Our research is supported by the following grants: NSF-DMS-1723003, NSF-IIS-1901360, NSF-DMS-1547357, NSF-CCF-1740761, NSF-CCF-1839358 and NSF-CCF-1839356.

Persistent Cup-Length
We lift the cup-length into the Persistent Cup-Length invariant for the purpose of extracting non-trivial information about the evolution of the cohomology ring structure across a filtration. We show that the Persistent Cup-Length can be computed from a family of representative cocycles and devise a polynomial time algorithm for the computation of the Persistent Cup-Length invariant. We furthermore show that this invariant is stable under suitable interleaving-type distances. Along the way, we identify an invariant which we call the Cup-Length Diagram, which is stronger than persistent cup-length but can still be computed efficiently.

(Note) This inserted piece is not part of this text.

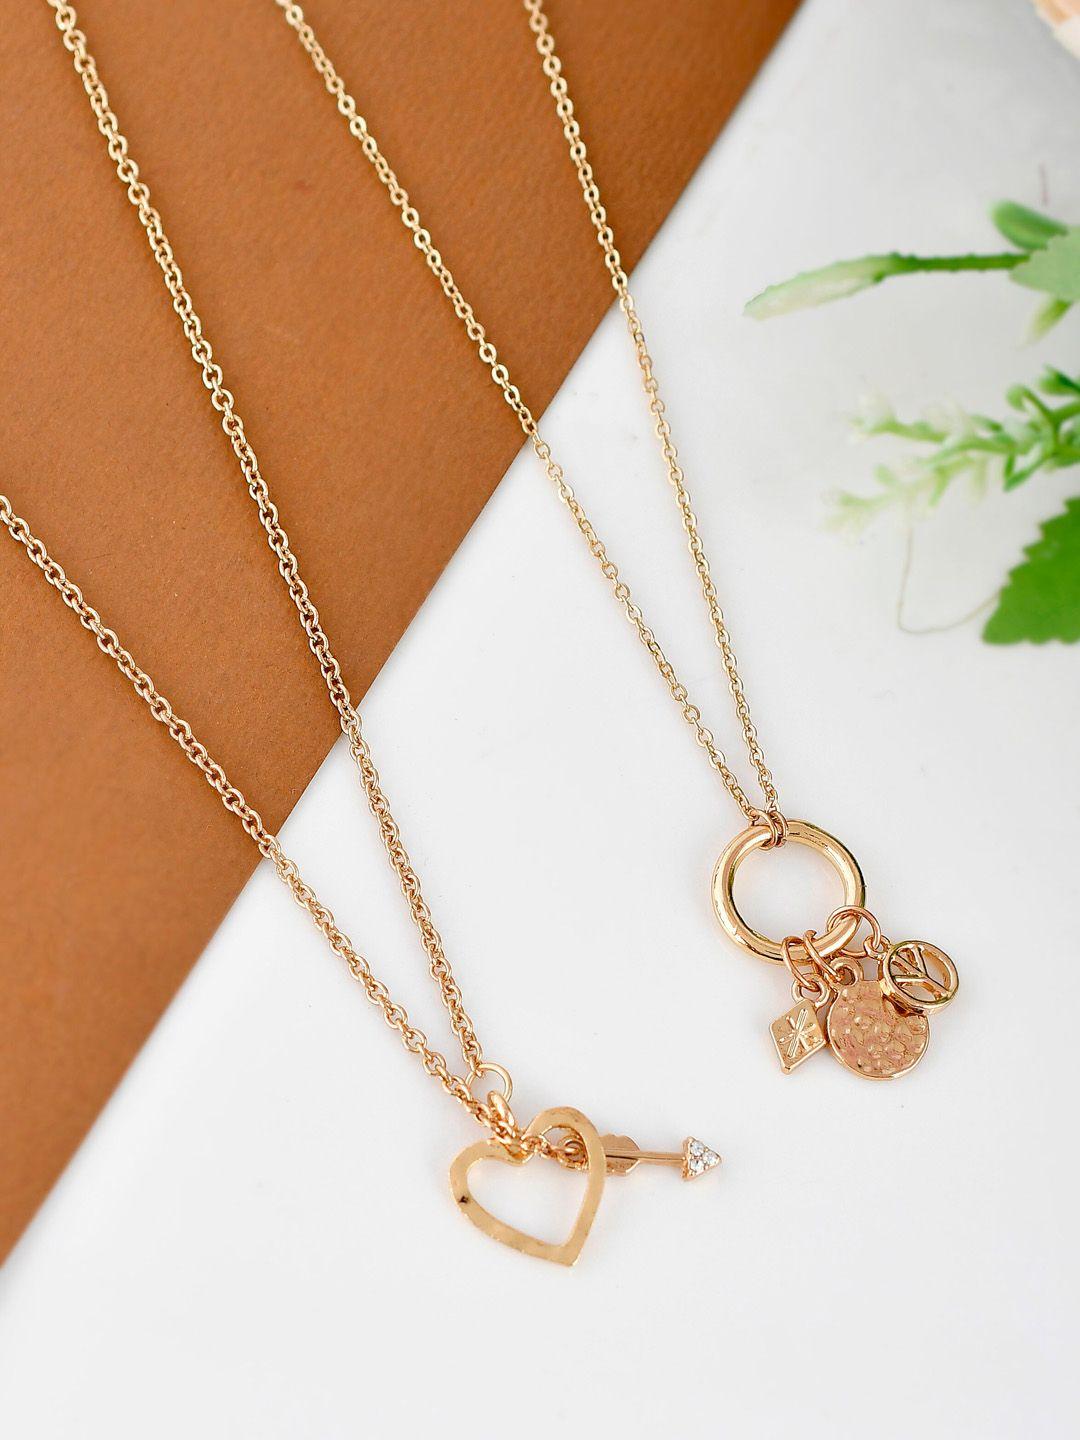 shoshaa set of 2 gold-toned combo heart shaped pendants with chains

Read more in [Contessoto, Mémoli, Stefanou and Zhou, 2021]

The Gromov-Hausdorff distance between spheres
We provide general upper and lower bounds for the Gromov-Hausdorff distance between m-sphere and n-sphere (endowed with the round metric) for m and n between zero and infinity. Some of these lower bounds are based on certain topological ideas related to the Borsuk-Ulam theorem. Via explicit constructions of (optimal) correspondences we prove that our lower bounds are tight in some cases. We also formulate a number of open questions. Read more in [Lim, Mémoli and Smith, 2021]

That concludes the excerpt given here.